Published online by Cambridge University Press: 21 March 2011
The strategic approach and structuring of safety cases for nuclear waste repositories have seen marked improvements over the past ten to fifteen years as a result of the collective experience of national agencies in developing their safety cases and their efforts, under the auspices of the OECD Nuclear Energy Agency (NEA), to develop a systematic and thorough approach, as well as through systematic reviews by regulators and expert teams. A safety case can be developed at any stage in a program and it provides a remarkably effective method for reassessing design and siting requirements and refocusing R&D needs. The process of developing a safety case for a repository is the critical test of the quality of understanding that exists for a given repository concept, because it forces an integration of the siting and design strategies and the assessment approach. This integration demands that one evaluates all relevant R&D results available and addresses the questions i) is the system good? and ii) is the understanding sufficient, taking the stage of the programme into account?

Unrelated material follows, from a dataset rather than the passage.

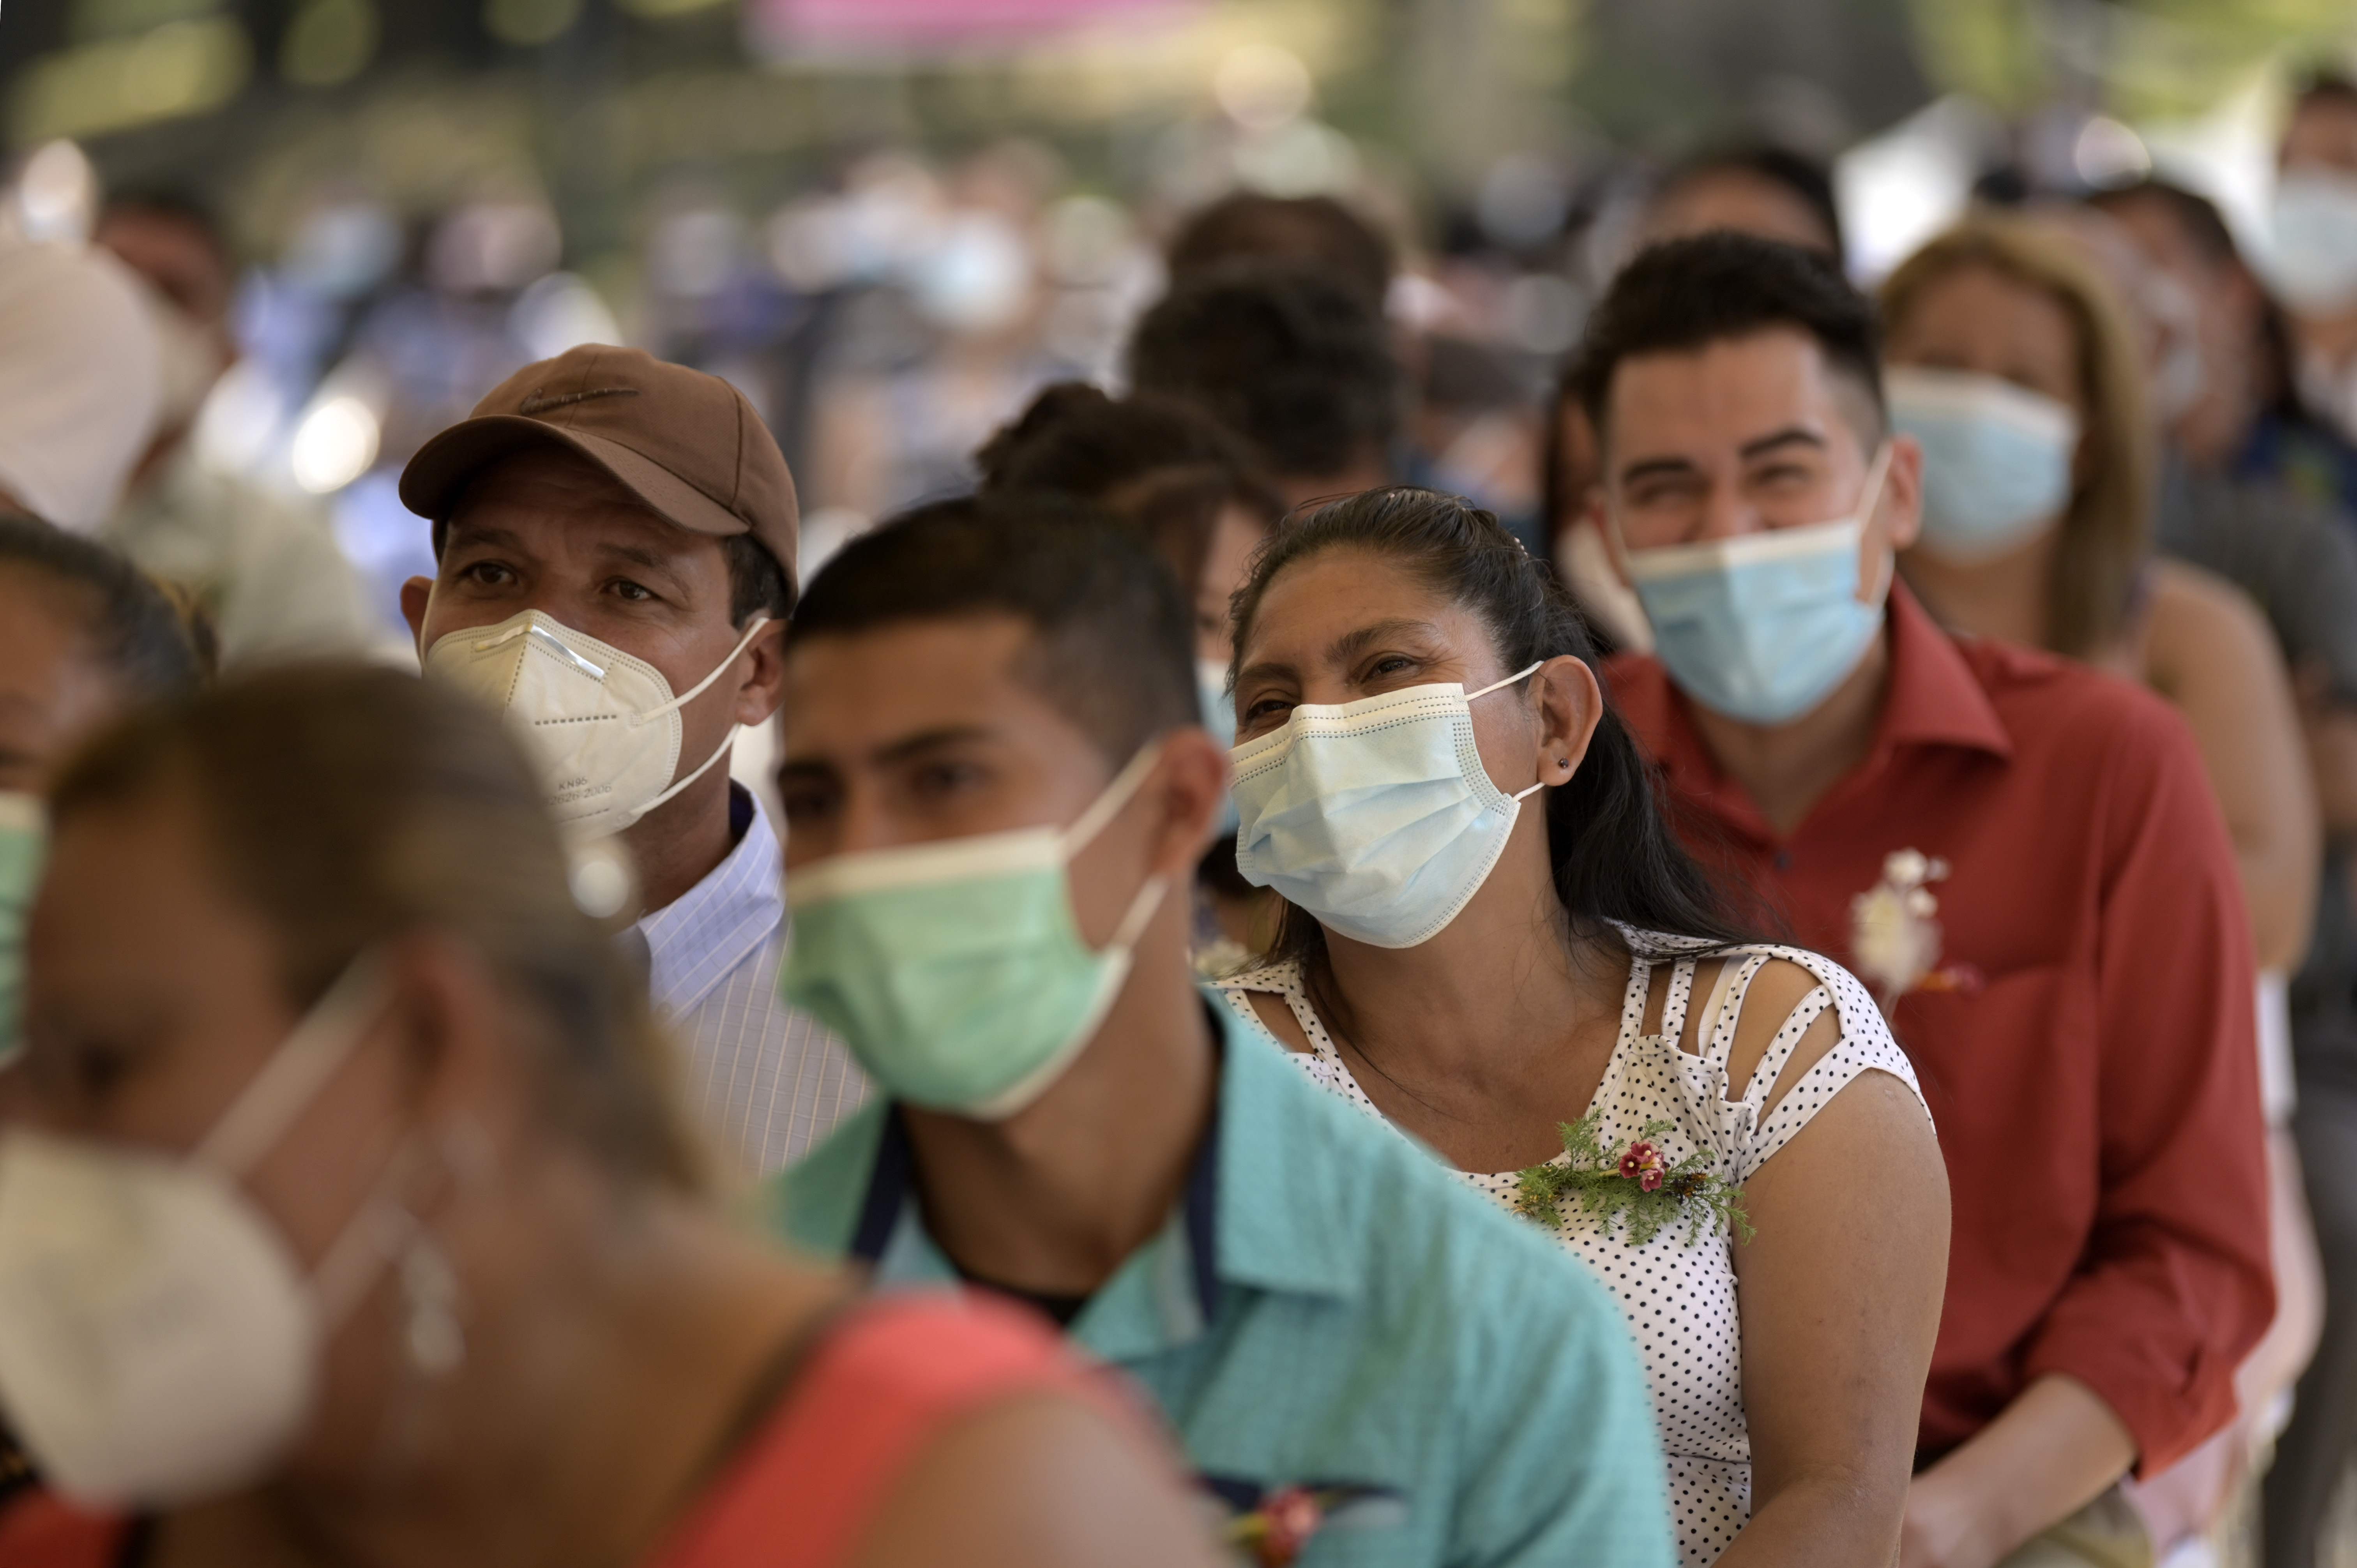 Las actividades sociales han estado restringidas en El Salvador a causa de la pandemia de coronavirus. (Foto Prensa Libre: AFP)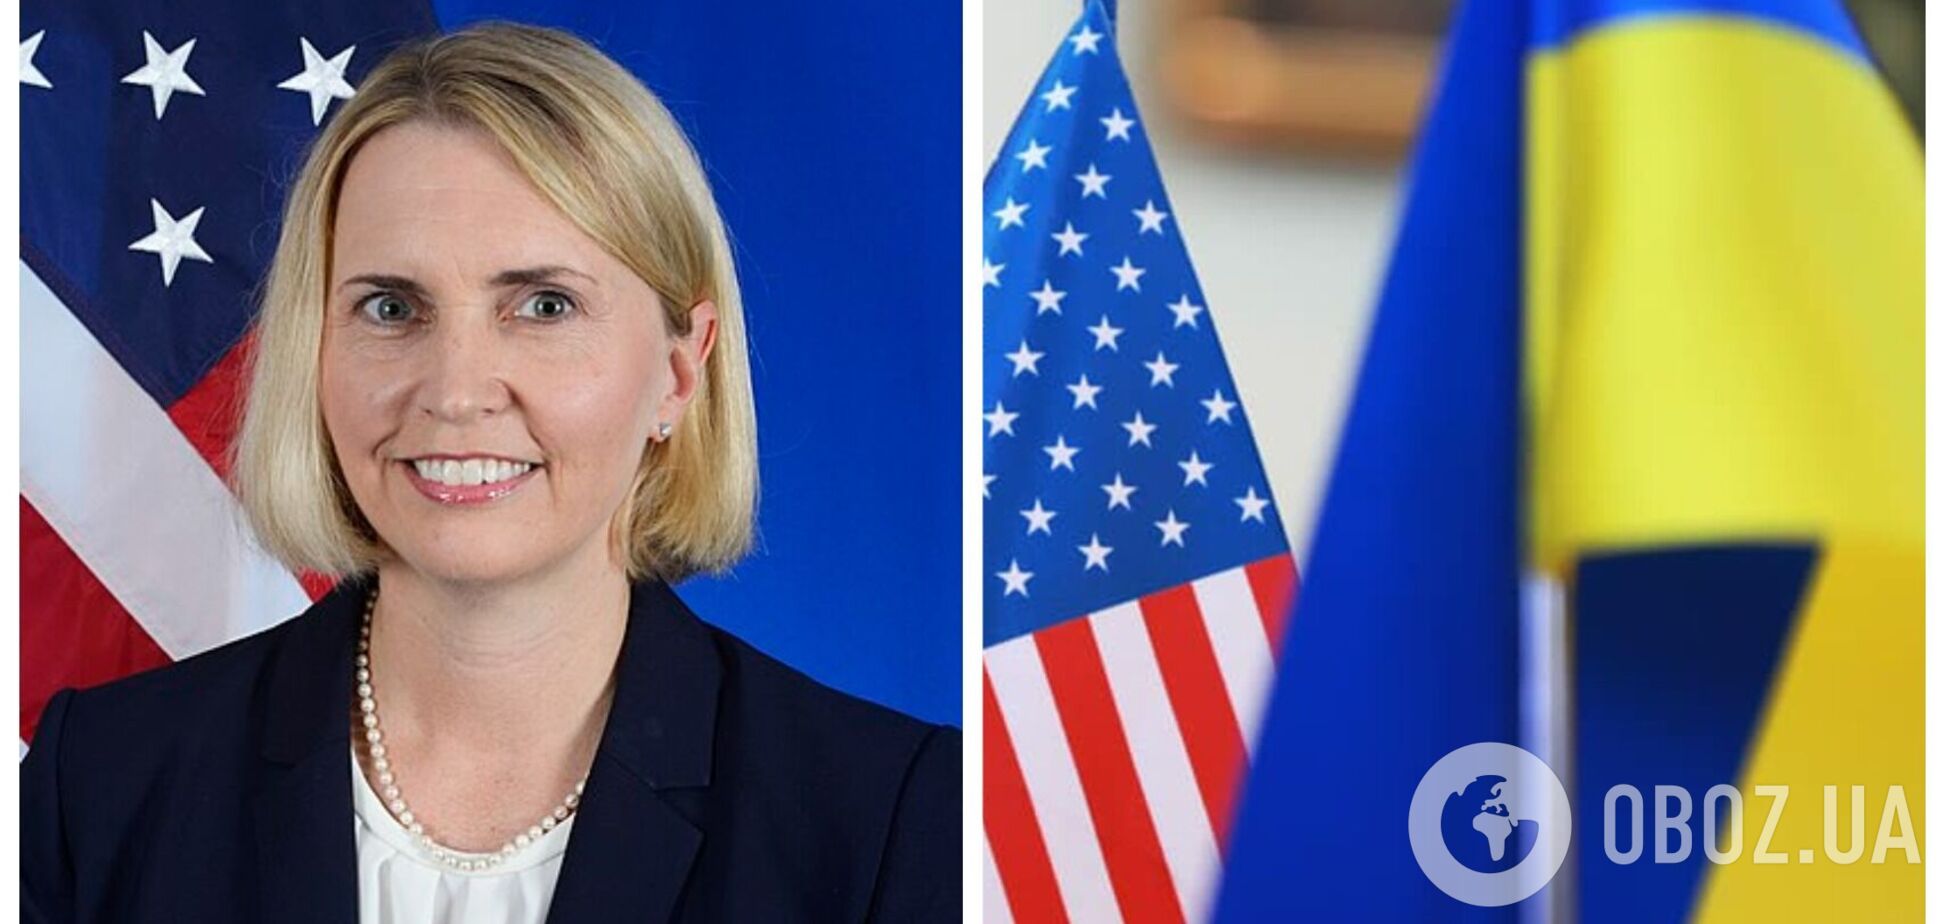 Крым – это Украина: в посольстве США поддержали движение Украины к победе и освобождению всех территорий

Here we address some questions on the relationship between R&D work and the development of a safety case, including:
1) Is the R&D performed in Europe evolving in concert with safety case development for European repositories?
2) How much generic work is still needed when robust site-specific repository concepts obviously lead to much more focused R&D?
3) How good is good enough and how do we measure this at each successive stage of repository development?
There are no easy answers to such questions, but they must increasingly be addressed as national programs progress.